Nearly a month since it became kosher, the venerable Fink's restaurant bar in Jerusalem has managed to retain its old customer base, despite the changed menu.

Nearly a month since it became kosher, the venerable Fink's restaurant bar in Jerusalem has managed to retain its old customer base, despite the changed menu.

"I was upset when I heard that it became kosher, because for me, it was the one secular escape in Jerusalem," said Lisa Sand, who has been frequenting Fink's since she immigrated to Israel in 1986. "But of course I'll still come here. It's become an institution in Israel, and the dining experience won't change."

Sand, like some other long-time customers, says she won't miss Fink's non-kosher entrees. "I never even noticed the bacon or shrimp on the menu. I always ordered the goulash and schnitzel," she said.

Muli Azrieli, who has owned and managed Fink's for 25 years, and whose late father-in-law, David Rothschild, bought the restaurant from Moshe Fink in 1946, says that since his decision to overhaul the kitchen and apply for a kosher certificate through the Jerusalem rabbinate, his customer base has become wider and business has slowly begun to pick up. "We got to a point where we were secluding ourselves," he says. "I'm excluding less people now than I ever was before."

A large number of religious Anglos have begun frequenting Fink's, Azrieli reports, nodding to a bearded man who entered the restaurant and glanced around for a few moments before asking, in heavily accented Hebrew, to see a menu. The community of "modern religious" English-speakers in Jerusalem is attracted to Fink's because of the restaurant's European cuisine, he says. "In New York, they grew up on goulash and schnitzel, not on hummus, kabab and shislik."

Dan Marriott, who immigrated to Israel from London eight years ago, says that he heard about the Fink's news through eLuna, a Web site for religious Anglos in Israel. "I used to come here before it became kosher just to get a drink with some friends," he said.

Marriott, who got married earlier this month in Jerusalem, had his bachelor party in Fink's, and then returned again with his parents, who were visiting from London. "I'm attracted to this sort of place because it reminds me of the culture in which I grew up," he says. "It's quiet, gentle and authentic."

The wood paneling, subdued ambiance, and attentive service remind other Anglos of home as well.
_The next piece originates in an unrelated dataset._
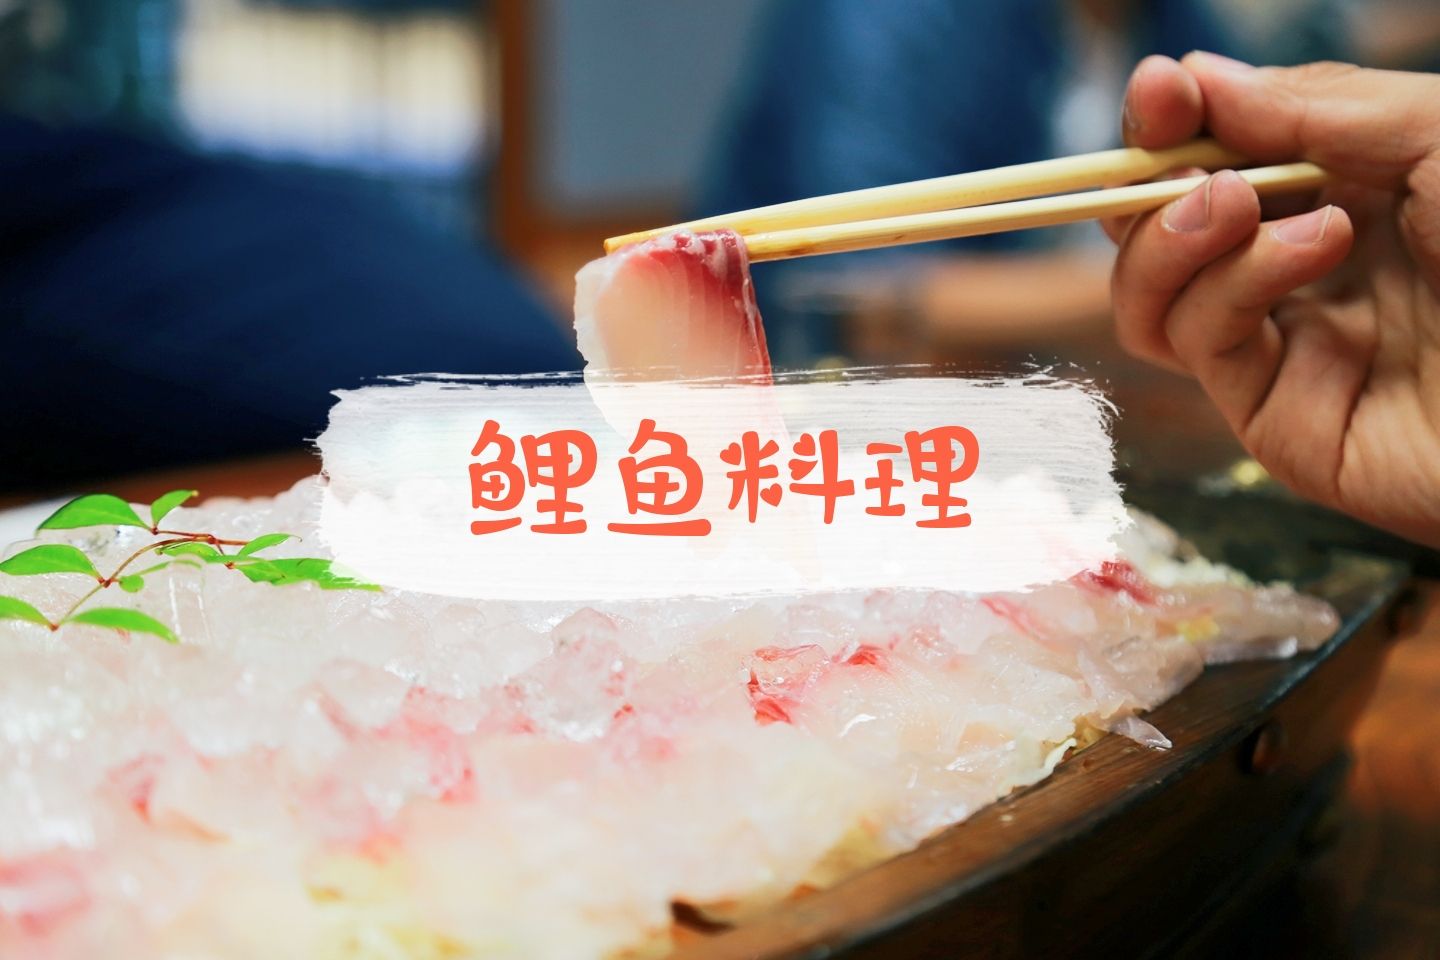 日本小城特色美食，超大份的鲤鱼料理🐟  我好像还没吃过鲤鱼，去日本的时候朋友说鲤鱼料理感觉挺新鲜的。

American-born Rachel Weiner says that dining in Fink's takes her back to New York. "There aren't too many lights and the music is quiet," she says. "I just don't feel like I am in an Israeli restaurant." Adds her husband, Meir: "Israeli restaurants give up intimacy for space and so they have the effect of a conveyor belt ... This is a great place for Americans, who have a culture of eating out, and who have a few extra dollars to spend." Like other religious Jerusalemites, the Weiners wouldn't have dared enter Fink's until four weeks ago.

But despite the new customer increase, Azrieli admits that he has suffered, albeit slightly, as a result of the decision that some die-hard Fink's patrons are calling revolutionary. Pointing to a clock that's been fixed on the wall at Fink's since 1942, Azrieli said: "If I decided one day to take that off the wall, someone would notice. If that throws people off, imagine what a stir it caused when I decided to make Fink's kosher."

A few Fink's former-loyalists were insulted by the decision and a handful of customers have called Azrieli a traitor. "People look at this as just another victory for the religious," he says, and Fink's was always seen as a secular stronghold, even despite Jerusalem's changing religious demographic.

The decision to become kosher was not easy, Azrieli admits. In years past, people had to reserve tables weeks, and sometimes months in advance. Azrieli proudly talks of the days when Isaac Stern called from an airplane to make a reservation and Henry Kissinger was refused a table, simply because there was no room. "I sat for a few nights in the restaurant by myself before I finally decided," he said. "The last few years have been a catastrophe in our 73-year history ... Our regular customers from overseas stopped coming and foreign journalists were afraid of visiting West Jerusalem. We just couldn't sustain it."

Azrieli realizes he may have to forfeit customers, but shrugging, he says, "What else could I do ... the restaurant is my livelihood."

Pointing to another yarmulke-wearing customer, Azrieli says, "If I look to the future, I don't see the politicians, journalists and diplomats coming back ... Jerusalem now belongs to the people who've stood by it."